*The problem*: Once the images are set aside, print the remaining lines below exactly.

*Data extract*:
++++++++++++++++++++

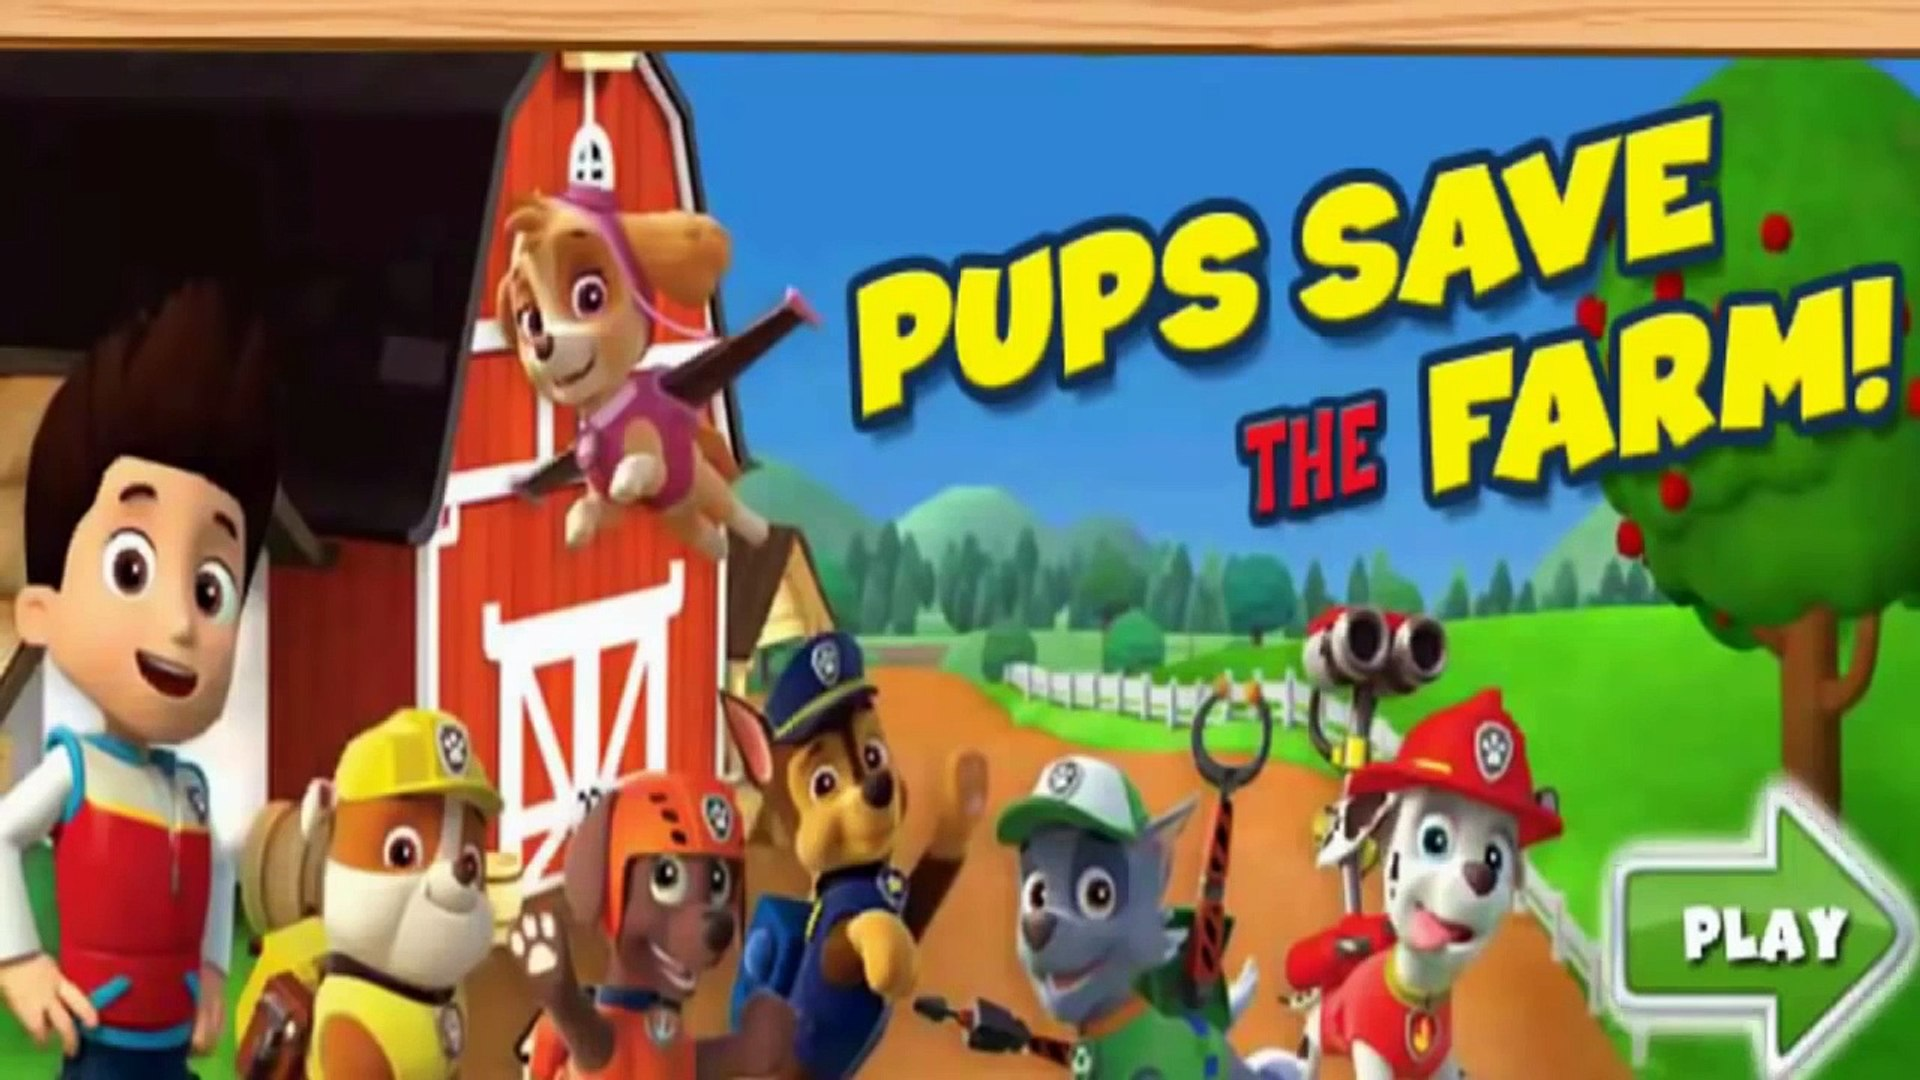 Paw Patrol Hd Full Episodes - Paw Patrol Cartoon Episodes In English_ Full game for Kids 2015
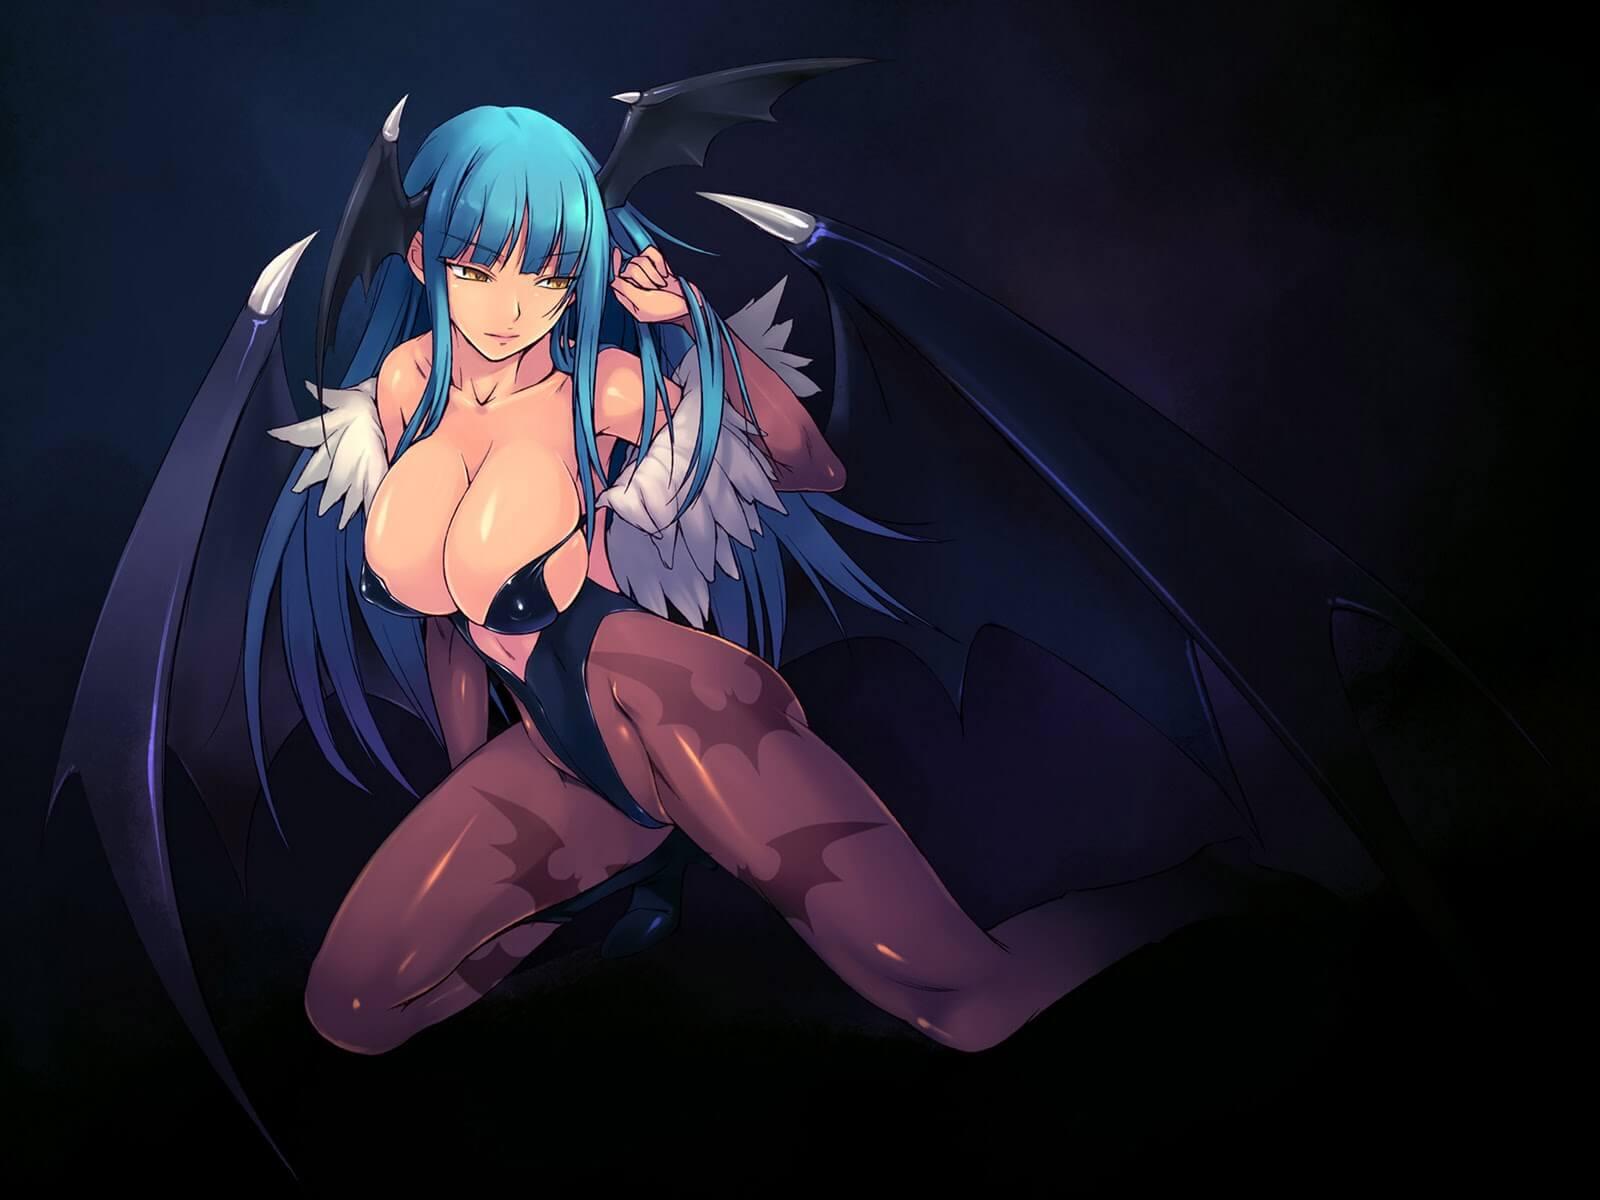 10 Fondos De Pantalla Sexys De Chicas Anime Nosoynoob
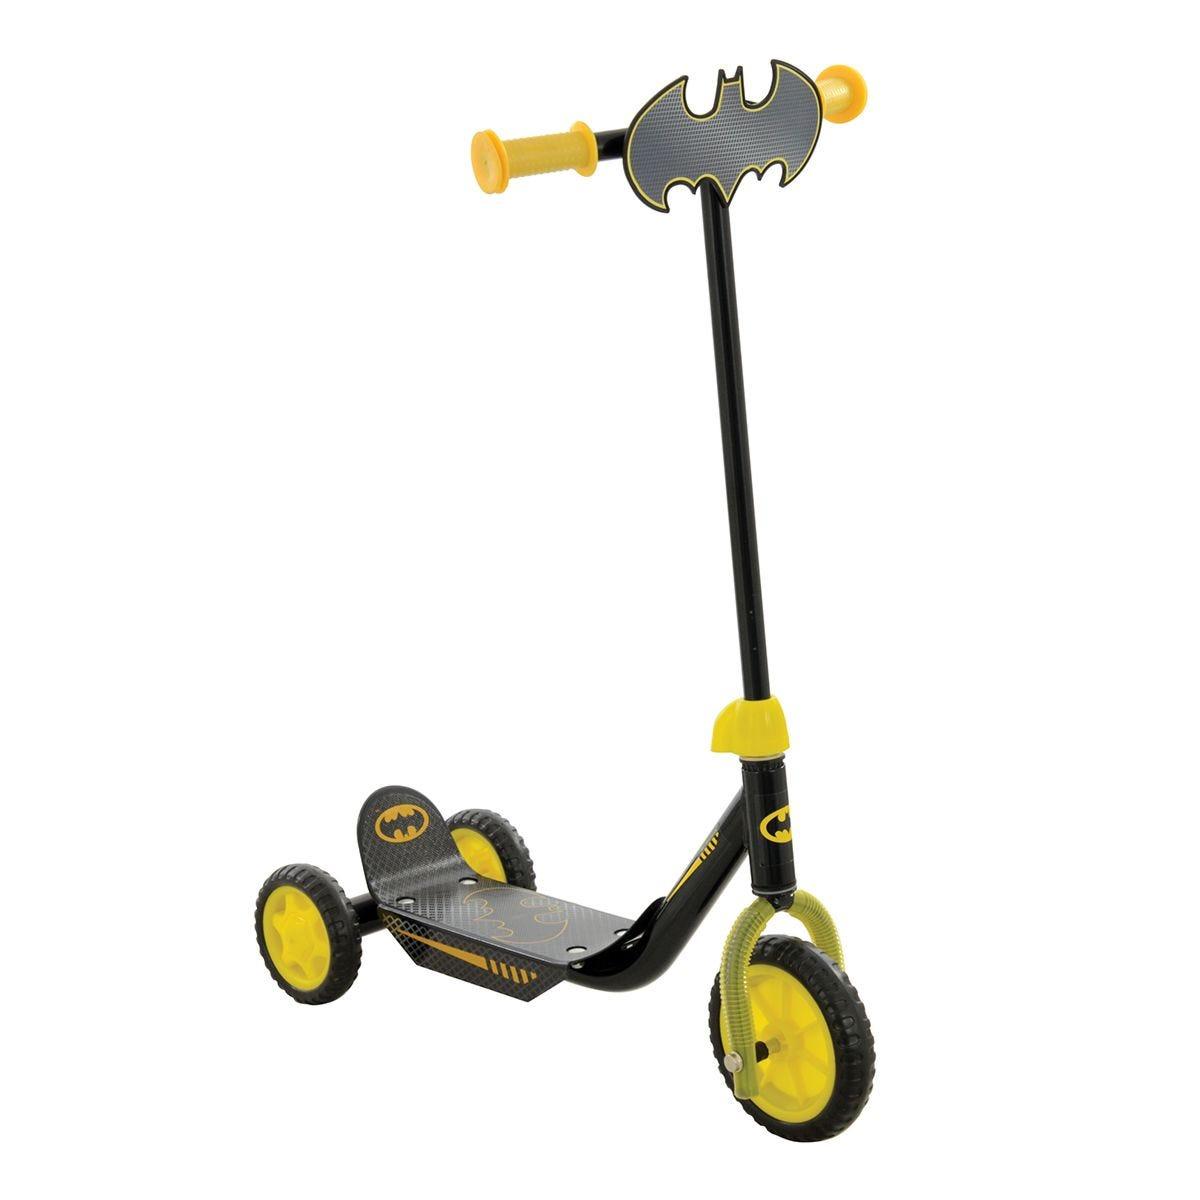 Batman Deluxe Tri Scooter

++++++++++++++++++++

*Answer to this task*:
 Paw Patrol Hd Full Episodes - Paw Patrol Cartoon Episodes In English_ Full game for Kids 2015
 10 Fondos De Pantalla Sexys De Chicas Anime Nosoynoob
 Batman Deluxe Tri Scooter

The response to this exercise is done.